--- Extracted material Enclosed Below ---

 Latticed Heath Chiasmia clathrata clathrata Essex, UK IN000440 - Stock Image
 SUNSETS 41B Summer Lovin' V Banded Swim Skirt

--- End of Enclosed Extracted material ---
--- Extracted material Enclosed Below ---

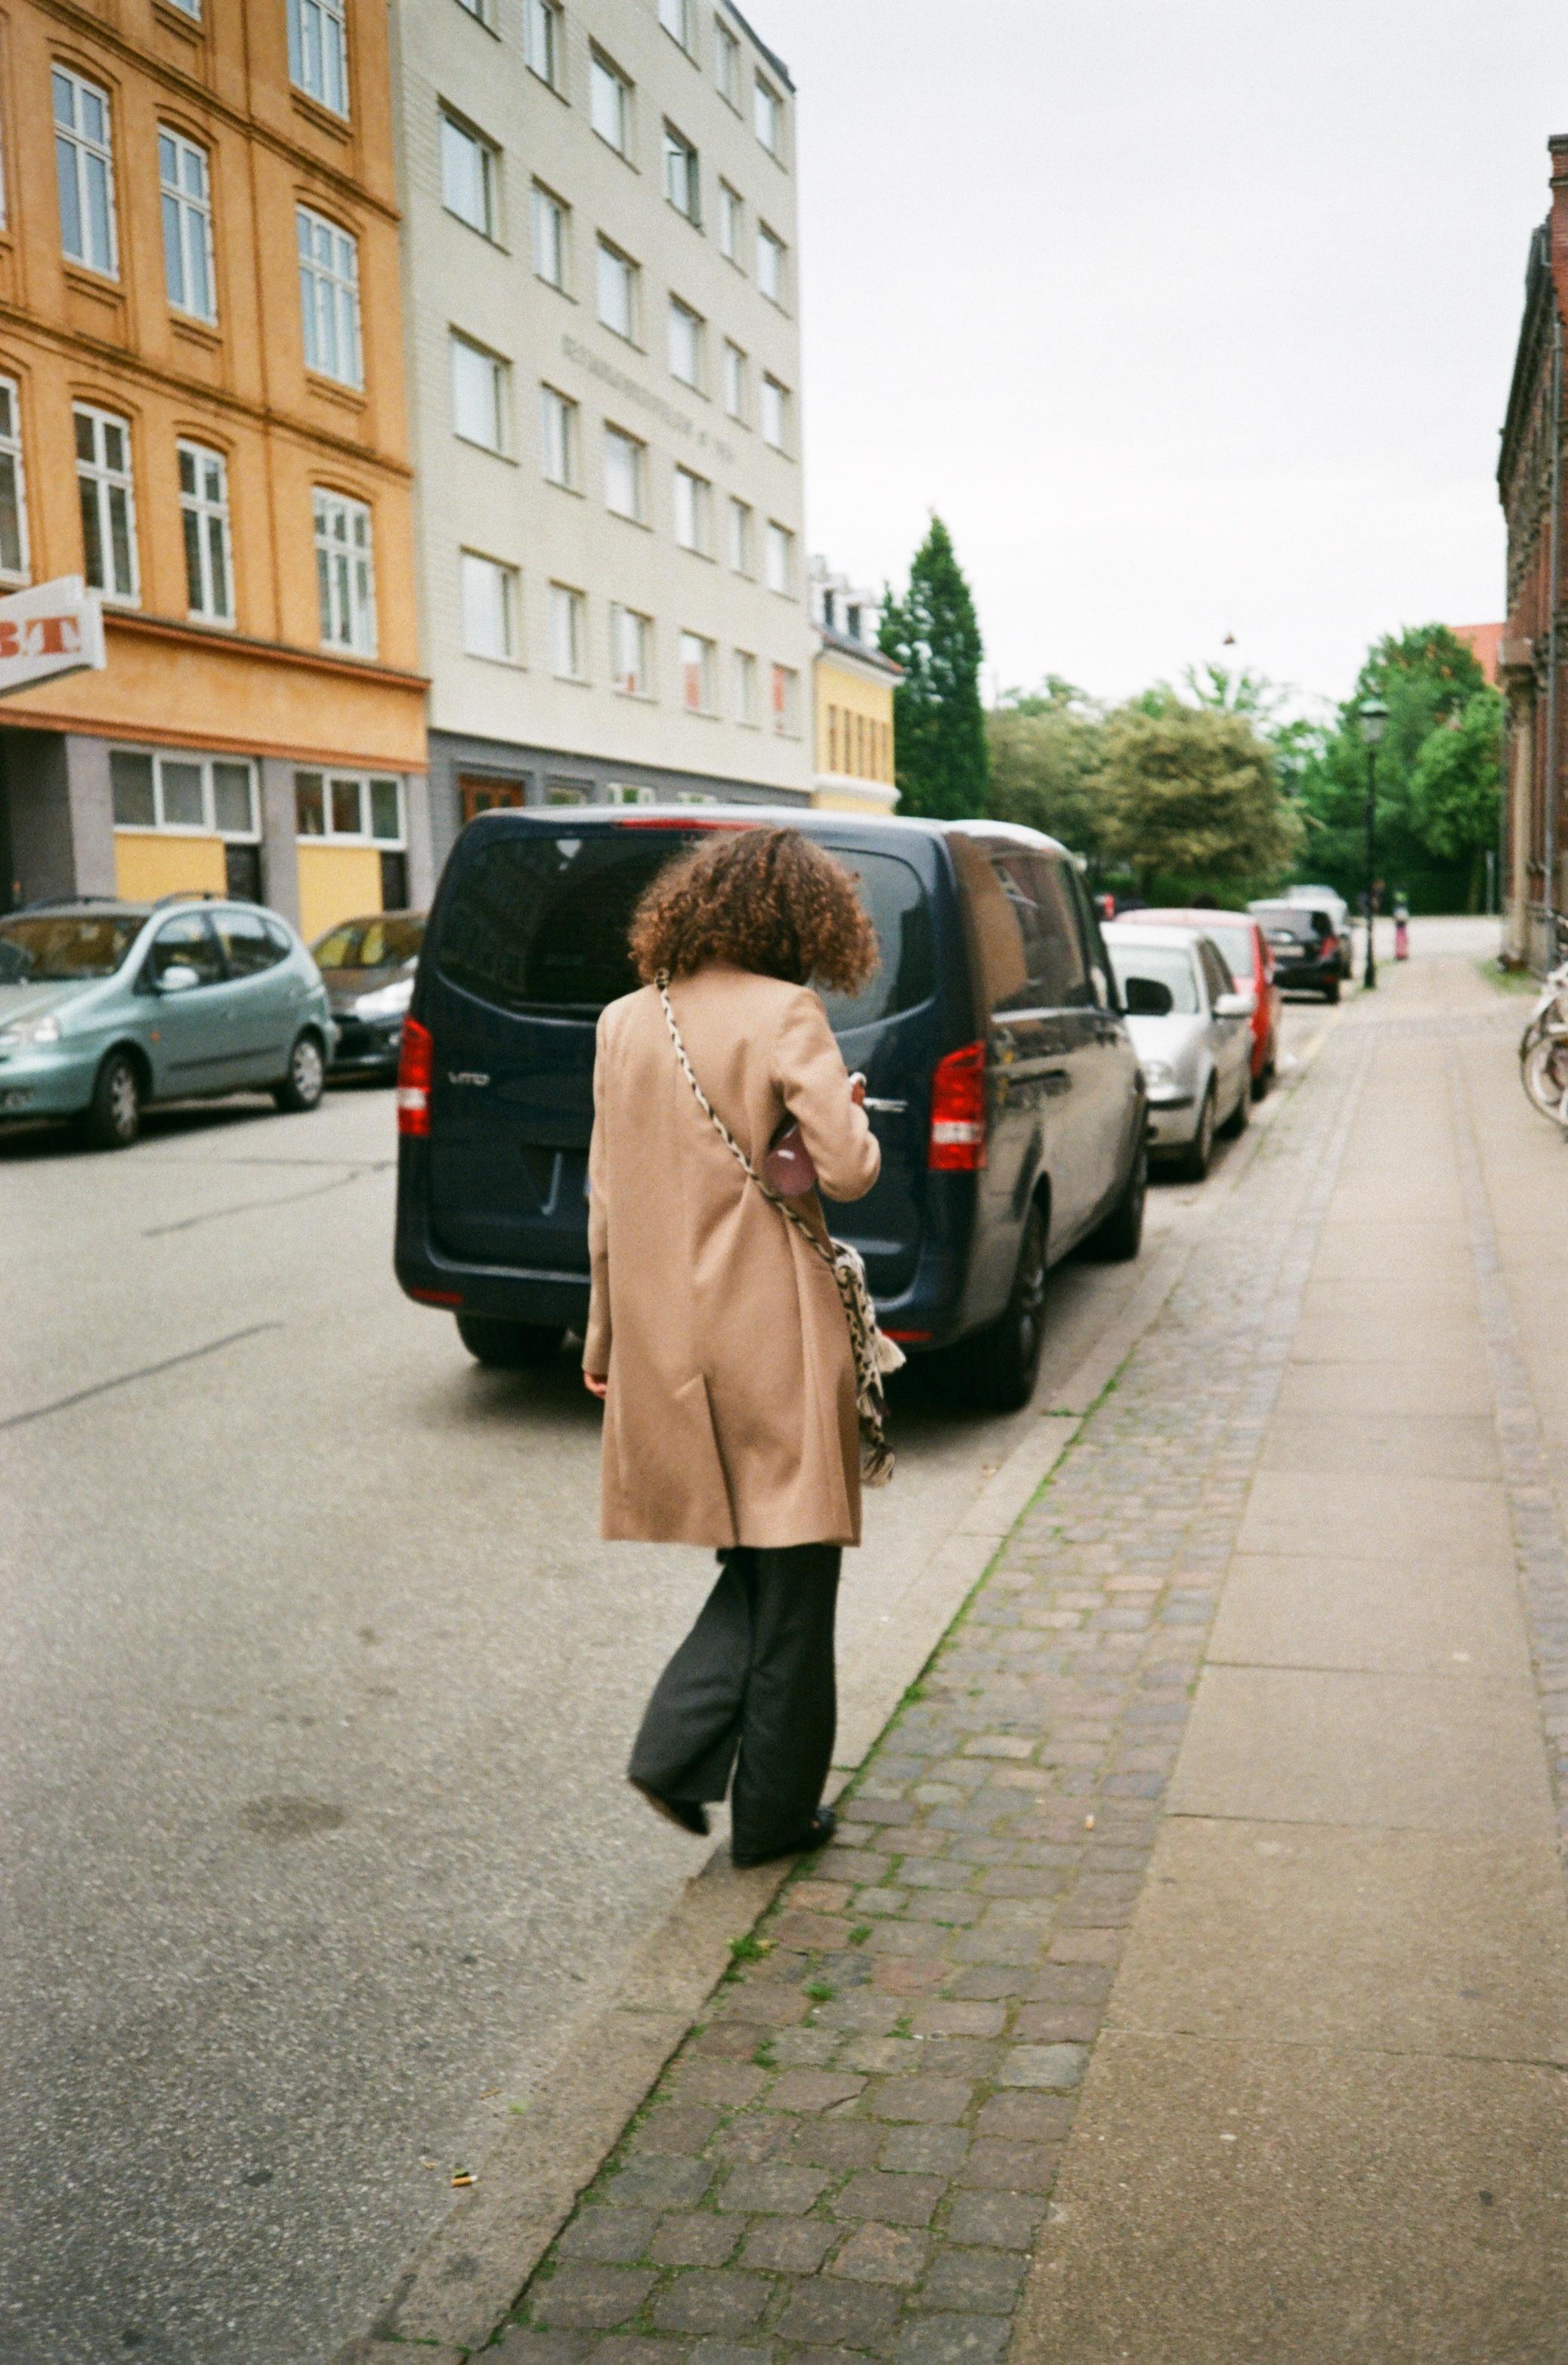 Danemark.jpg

--- End of Enclosed Extracted material ---

→ **Problem**
Using the records above, set down exactly the lines from the one with "Latticed Heath Chiasmia" through the one with "SUNSETS 41B Summer", inclusive, and nothing more.

→ **Answer area**
 Latticed Heath Chiasmia clathrata clathrata Essex, UK IN000440 - Stock Image
 SUNSETS 41B Summer Lovin' V Banded Swim Skirt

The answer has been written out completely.